Krisenfestigkeit und intersektionaler Feminismus

Die von der polnischen Frauenstiftung organisierten Webinare widmeten sich zwei Themen: „Feminism today? How the feminist movement can best respond to crises and work in the long term for a more just world” und “Feminism on intersections: mainstream hashtag or activist practice?” Während das erste Webinar sich explizit mit Erkenntnissen feministischer Basisbewegungen befasste, wurde im zweiten Webinar der Blick geöffnet in Richtung Zukunft: Wie kann eine intersektionale Perspektive in der Praxis aussehen?

femfund-webinar
Women's Fund in Georgia

Identitätsfragen und marginalisierte Stimmen

Die georgische Frauenstiftung hat in Zusammenarbeit mit ihren Projektpartner*innen zwei Webinare organisiert: das erste beschäftigte sich mit Identitätsfragen von Frauen in Georgien, bei dem Aktivist*innen aller vier geförderten Projekte aktiv beteiligt waren. Das zweite beschäftigte sich mit der Frage „Where are marginalized voices in mainstream feminist movement?“. Zu diesem Webinare waren neben Vertreter*innen der Partnerorganisationen auch eine Referentin zum Thema eingeladen worden.

int-webinar
Ukrainian Women's Fund

Inklusion, Diversität und Cybersicherheit

Die Webinare, die die ukrainische Frauenstiftung in Abstimmung mit ihren Förderpartner*innen organisiert hat, spiegelten ebenfalls die Themen der Partner*innen wider: Ein Webinar widmete sich den Bedarfen von Menschen mit Behinderungen in der Menschenrechtsarbeit. Ein weiteres beschäftigte die Frage, wie einfallsreich mit Diversitätsfragen umgegangen werden kann. In einem dritten Webinar wurde über Cybersicherheit diskutiert. Die Webinare wurden teilweise vorab aufgenommen, da in der Ukraine aufgrund des Kriegs die Internetverbindungen häufig gestört waren. Durch die Online-Bereitstellung vorab aufgezeichneter Diskussionen konnten Aktivist*innen in der Ukraine die Veranstaltungen nach Verfügbarkeit des Internets nachschauen und im weiteren Kreis teilen.

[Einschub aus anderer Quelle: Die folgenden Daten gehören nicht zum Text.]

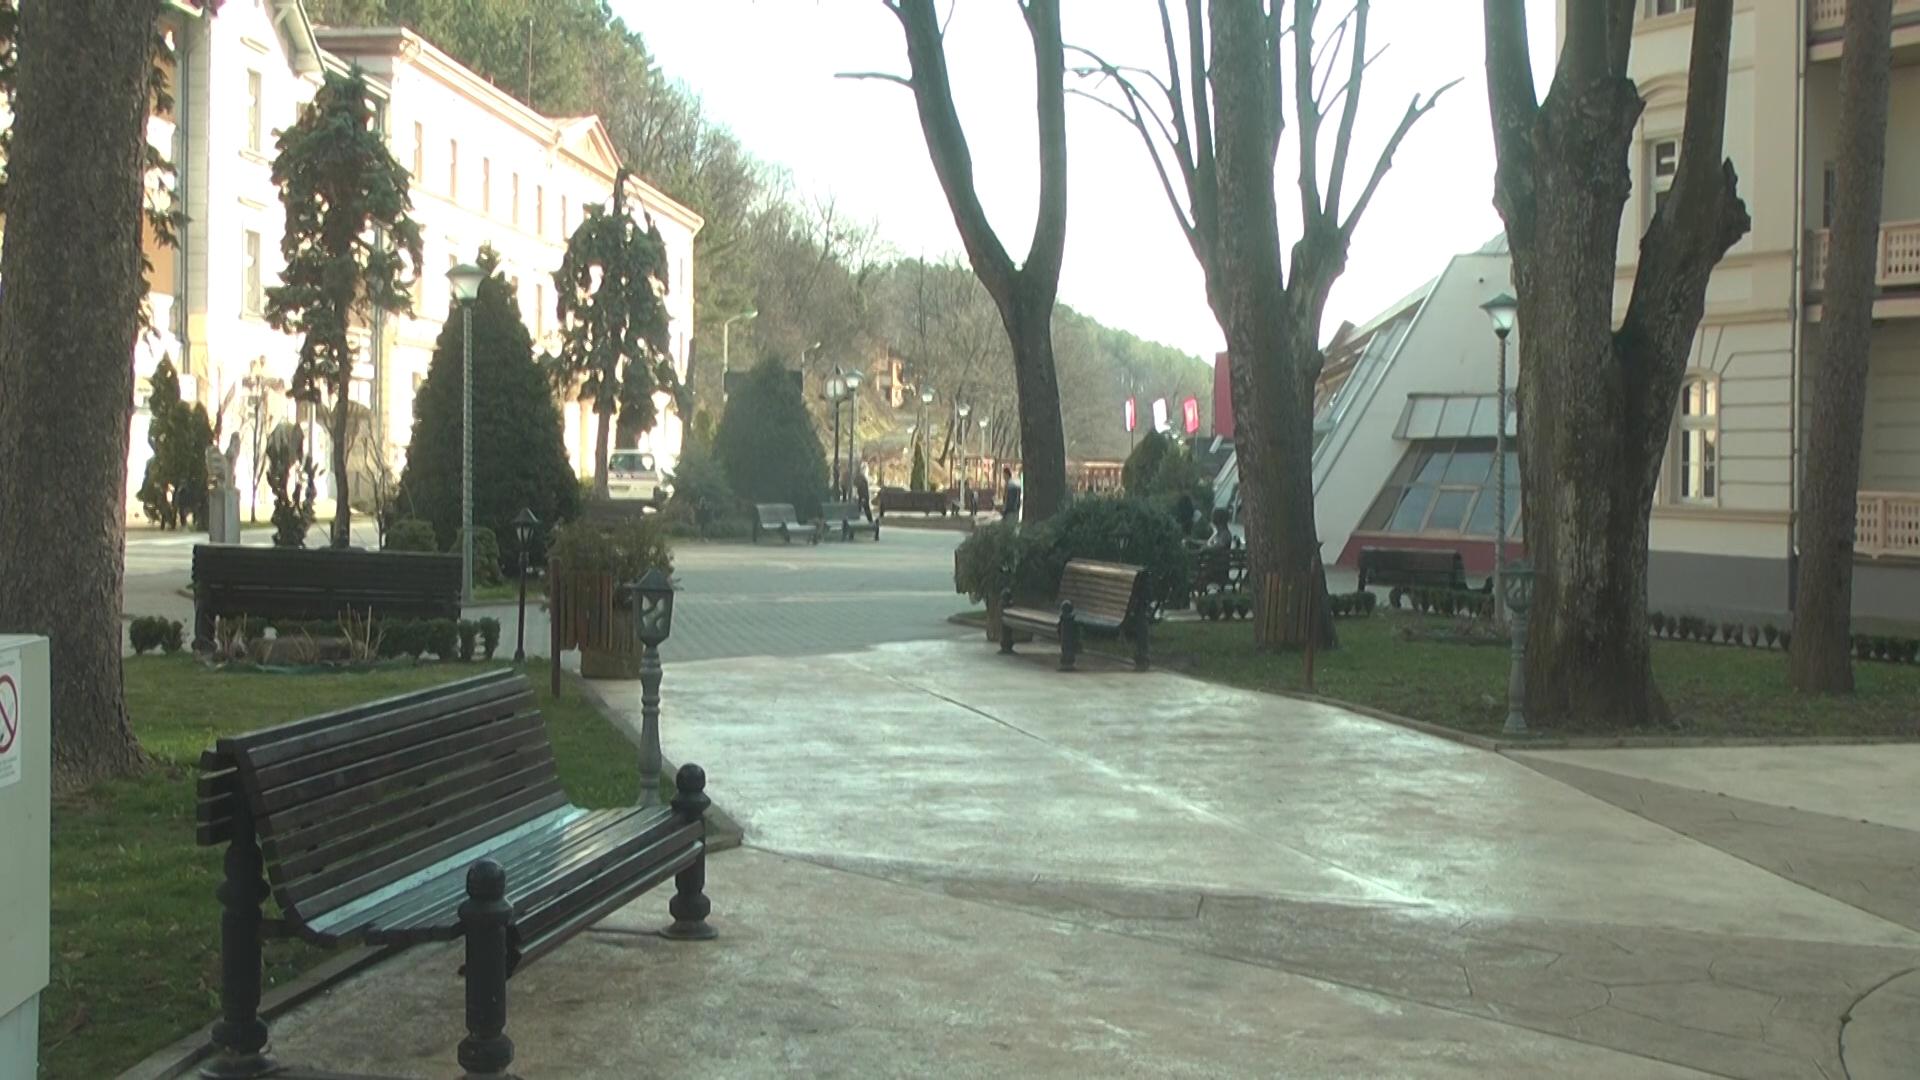 Prijem pacijenata u Specijalnu bolnicu Ribarska Banjaobustavljen do daljnjeg zbog vanrednog stanja

Was brauchen wir für inklusivere Frauenbewegungen?

Das Projekt hat sehr deutlich aufgezeigt, dass physische Orte fehlen, in denen sich Gruppen verschiedener Erfahrungen treffen können. Es fehlen oft die Räume, um sich miteinander zu vernetzen, um gemeinsam auf eine starke demokratische Zivilgesellschaft hinzuarbeiten. Die während des Projekts bereitgestellten physischen wie auch digitalen Räume haben das ein Stückweit geändert. Gruppen, die sich zuvor kaum kannten oder überhaupt nicht voneinander wussten, kamen zum Austausch zusammen. Sie besprachen gemeinsame Strategien und vereinbarten in Zukunft enger zusammen zu arbeiten. Eine Verständigung über die eigenen Themen hinaus ist wichtig und wertvoll. Diese Verständigung ist ein zentraler Baustein von inklusiveren Frauenbewegungen.

Lesen Sie einen Artikel von Lucy Martirosyan auf www.opendemocracy.net über unser Kooperationsprojekt!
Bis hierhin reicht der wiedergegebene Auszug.